Closely tracking the approach and reasoning of a New York district court opinion recently issued in a similar case (Connecticut v. American Electric Power Company), the district court here found that the case presented a non-justiciable political question and declined to “inject[] itself into the global warming thicket.” The primary problem, the court determined, was that plaintiffs’ nuisance claim required the court “to make an initial decision as to what is unreasonable in the context of carbon dioxide emissions.” The court would be forced to balance the competing interests of reducing emissions, on one hand, and preserving economic and industrial development, on the other. Next, the court explained that plaintiffs’ claims for damages for defendants’ worldwide sale of automobiles sufficiently implicated Congress’s power over interstate commerce and the executive branch’s power over foreign policy, areas that the Constitution has committed to the political branches of the federal government. Finally, the court determined that it lacked “judicially discoverable or manageable standards” to resolve the case. Rejecting plaintiffs’ characterization of the lawsuit as presenting the types of issues that courts routinely resolve, the court states that it could identify no precedent to assist it with the legal and factual difficulties that would arise in allocating fault and damages, if any, under plaintiffs’ claims.
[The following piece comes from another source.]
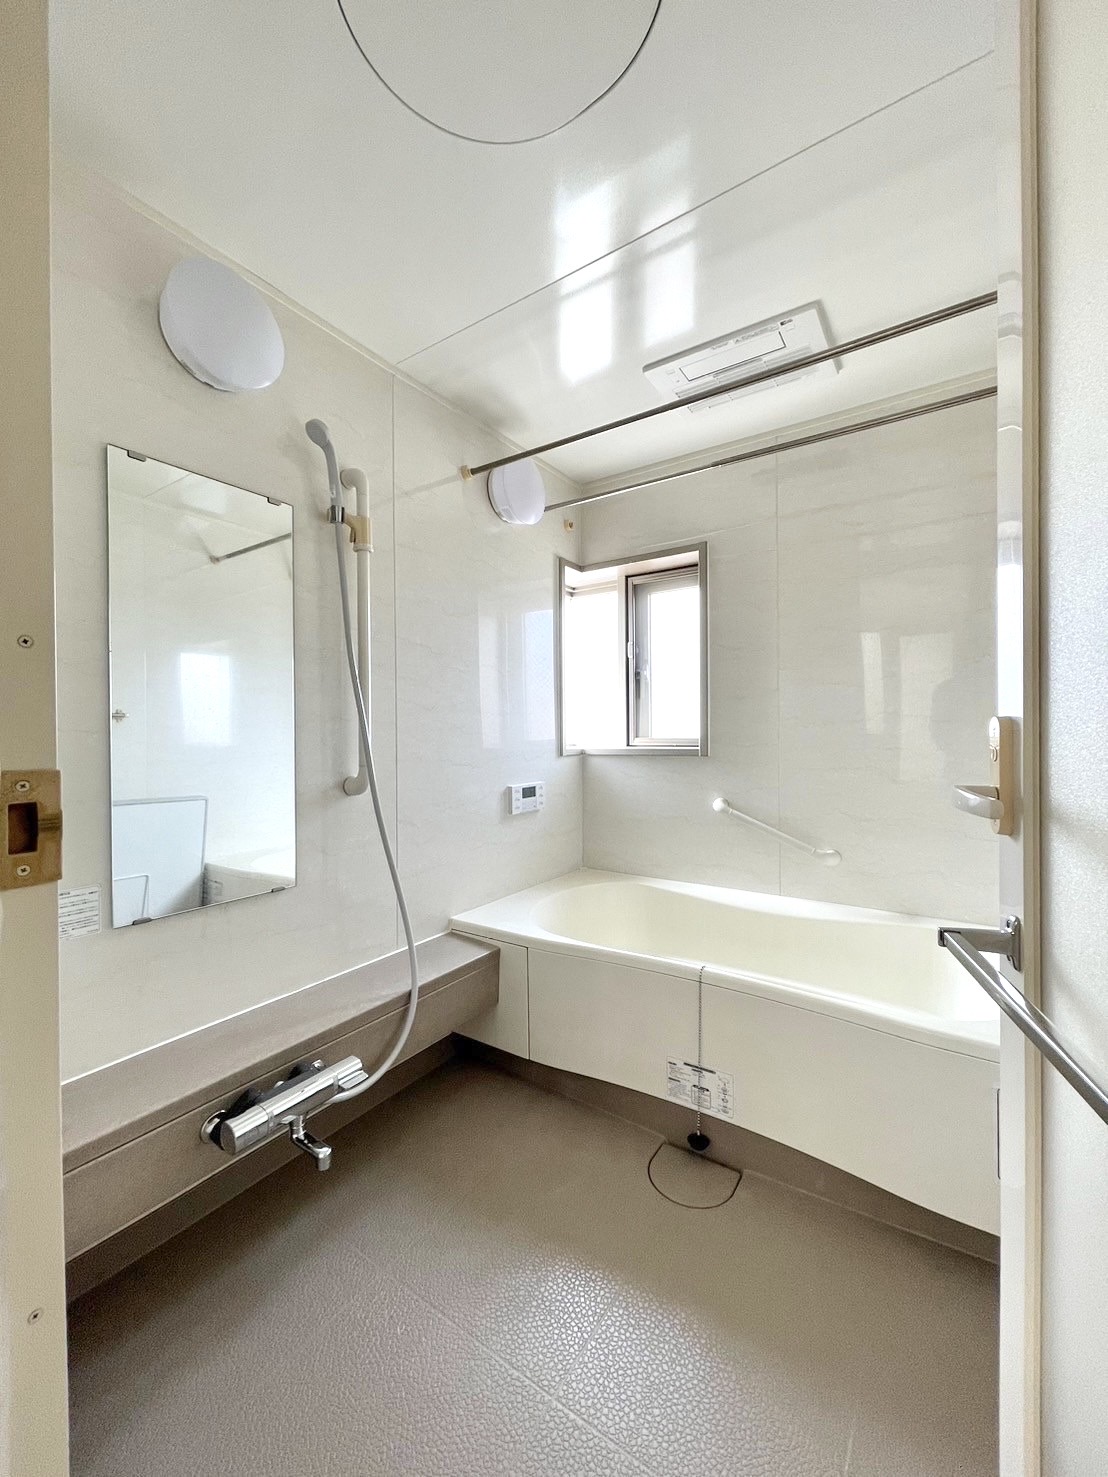 愛知県日進市にてマンションリフォーム工事が完了しました。キッチンとお風呂、トイレの水まわり交換工事です。システムキッチンを まるごとLIXILのノクトに変更。食洗器ミーレやウォールユニットの便利なな収納棚を搭載したこだわりのキッチンです。クロスをアクセントクロスに。ユニットバスはそのままで浴室暖房乾燥を取り入れています。また水栓を新しく交換。 〈名古屋リフォームの施工事例〉|[公式]名古屋リフォーム|名古屋リフォームは名古屋市・日進市・春日井市のおしゃれなリフォーム＆リノベーション専門会社です

The court in California found its conclusions to be buttressed by the Supreme Court’s recent ruling in Massachusetts v. Environmental Protection Agency. The district court interpreted Massachusetts to stand for the proposition that policy decisions concerning authority over and standards for carbon dioxide emissions lie with the political branches, not the judiciary. Additionally, the district court noted the Supreme Court’s reference to the states having “surrendered” to the federal government under the Constitution their right to engage in certain types of regulation—which the district court interpreted to mean that the regulation of carbon dioxide lies with the federal government, and specifically with the political branches.

Coupled with the New York district court’s recent dismissal of a lawsuit against power generation defendants in the Connecticut case, the district court’s ruling in favor of automakers in California illustrates the enormous difficulty faced by states seeking climate change remedies from industry under a public nuisance theory. Federal courts on both coasts have now ruled under the political question doctrine that the Constitution forbids them from even considering the claims of state plaintiffs injured by the effects of climate change.

Key Opinion: California v. General Motors Corp., 2007 WL 2726871 (N.D. Cal. 2007) (not reported).